AN INVOCATION AGAINST MONOGAMY
Last night I dreamt an earnest mythology. I knocked on your door to tell you
the commune of dreams exists.
Globular mess. Queer failure. Nothing relinquished
I was okay with how little we understood as we
tended a garden, 10 quails, 4 chickens, 3 pigs, a cat, and 2 pitbulls.
Because I meant this to be true.
Because I meant: you are enough.
In the fishbowl kinship flourished with little to no experience of how to answer questions of being or
where to go to become.
Finding language inadequate, I ate the language.
As my belly grew neither doctors nor psychics could explain the phenomenon.
I went home with medication. The aggressively handsome doctor said to call the office with
questions anytime, Monday through Thursday between 8 am and 4:30 pm. I flushed my pills down
the toilet. I reused the bottles for the herbs I had been meaning to plant and they grew. Into yes. In
spite of. Everything against us. You. They.
Eventually the herbs evolved into magnolia. The magnolia died and returned as popcorn trees. I
in an empty bed
& I kept waking up over & over:
The self-excavating memory.
The performative archive.
We grind ourselves into ecstasy.
Star dust formulation escapes the patent
process. Yes, you too escape this.
A MANIFESTO, OR: HYSTERIA
I want a body not conceptual but abrasive, like broken glass that tears open garbage bags. I stopped at the emotional edge of capacity and wondered if this would be enough. I wondered what constituted a form of something that was enough. No woman is enough. No secret is enough. I find you enough, that's why I loved you so readily. I wondered if I was hysterical because the world, and every system it had created, wanted me to fully embrace hysteria. The kind of hysteria embodied by women who died so I could assume my position of suffering. It would have explained so much about me and nothing at all about the world. I cupped the water as it was poured into my hands. I did not flinch. I held the stainless steel pitcher just until it reached 180 degrees Fahrenheit. How could I have known then why I wanted to revel: in hysteria. I found no qualms about writing about hysteria and about locating myself in hysterical behavior.
Still, I was against diagnosis.
I slid into the metaphors and easy language of hysteria. I took pleasure in the simple statement "She is hysterical" and some more when I realized she and I were the same woman.

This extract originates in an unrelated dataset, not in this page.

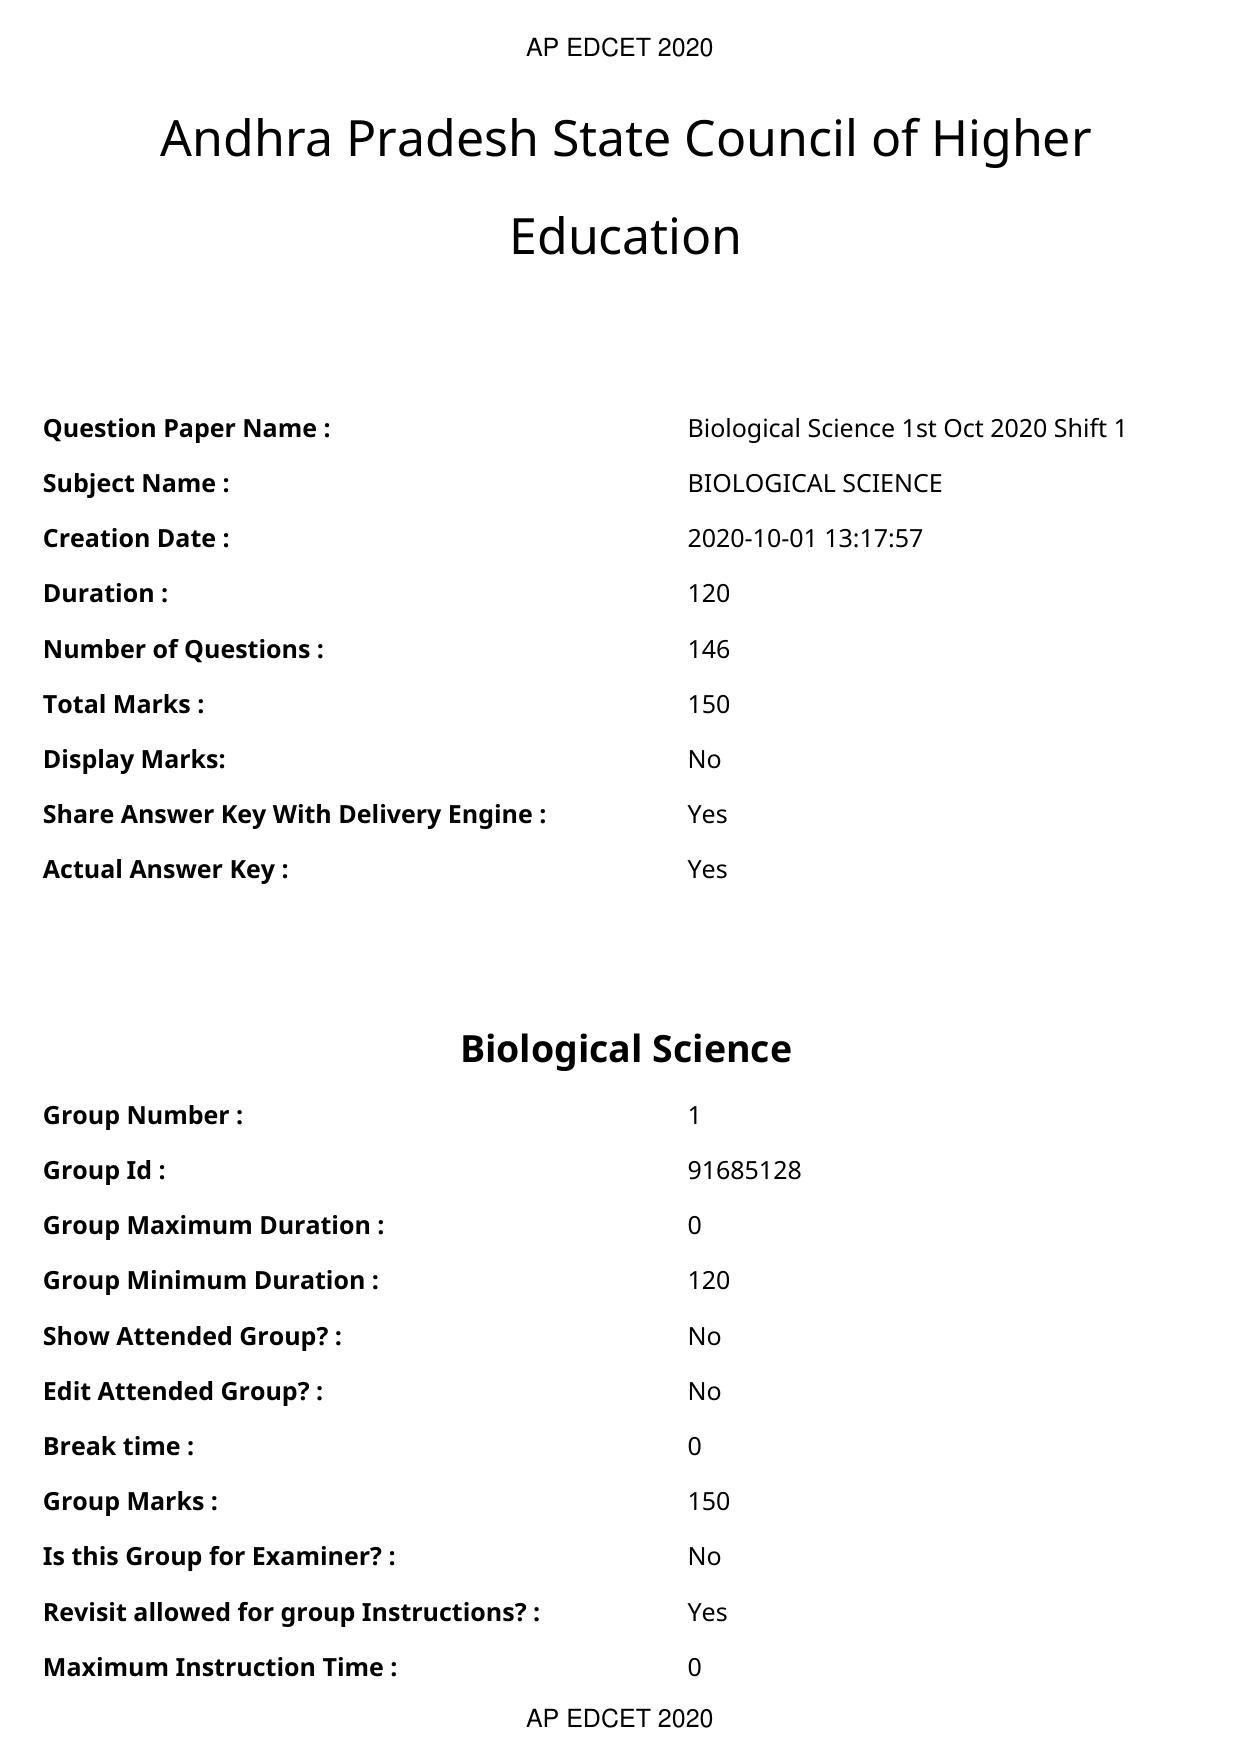 AP EDCET 2020 Biological Science Question Paper - Page 1

I wanted clear, articulate reasons for the violence we had been undone by. For years I struggled to make sense and could only blame myself for the many failures I entertained along the way. When you are determined to leverage your emotional capacity to the body’s limit, there are going to be many walls you are tasked with climbing, or else detonating. I did not wish to harm anyone but forgot to account for the objects and desires my body would not be able to tolerate.
Wrecking myself, I thought, was its own domain of passion. Any expression of passion might be meaningful. I wondered if women who wrote letters to their lovers, letters that were later collected and published without their knowledge or consent, knew they would be betrayed. And by whom. I imagined a contemporary analogy for this situation and felt my chest cavity clench, embroiled in gendered depression. My nipples grew hard at the thought, my skin warm. I was broken before nine every morning, and this seemed both fine and deeply unfair.
By the pond, under moonlight, we evaluated our relationship to work, our relationship to the values we construed as false or wrong yet could not reject. Groups of ducks swam past, leaving their wake as witness. Unsolicited, one duck ventured toward us and offered a spin. We were overjoyed to be granted a private performance.
In emerging through this moment I became aware of materiality, a quality better observed than felt. I considered the histories which had been funneled into the shape of the unconscious. The textures, sounds, and capital swallowed whole by the earth. In migrating, names accrued debt. You entered a room and stripped. There was no exit; an immigration official eventually allowed your family, and mine by proxy, into a country we recognized as the one we had attempted to leave.
After grieving, we worked hard and bore children. We worked twice as hard to raise the children. Uninterested in family, we did not die until the day our skin turned bronze and our breath became exhaust.
The wet bark, dewy midnight. Calm and unwanting. How much we longed for melancholy, a melancholy we attached to historical images of girls dressed in white lace, intimate already with the expectations of the world and the people of that world like mothers and teachers and crossing guards and aunts who were not actually blood related and women walking on the street and writers and women writers and sympathizers and citizens and sycophants and actors whose approval was more sought after than anyone else and righteous community members and queers and invisible girls and, as an afterthought, themselves.
You were sensitive to scents others rarely noticed. You could touch a person’s skin and discern which humors were unbalanced. Even decaf coffee was too much. “My eyes are about to pop.” Spoken with accompanying hand gestures. Draping a thin sweater, snipped down the center so it functioned as a cardigan, around your shoulders, you woke before my father and French pressed coffee for him. Then you pressed twice more, until the product had been reduced to a taste more like water than coffee. You sweetened the concoction with maple syrup, and drank.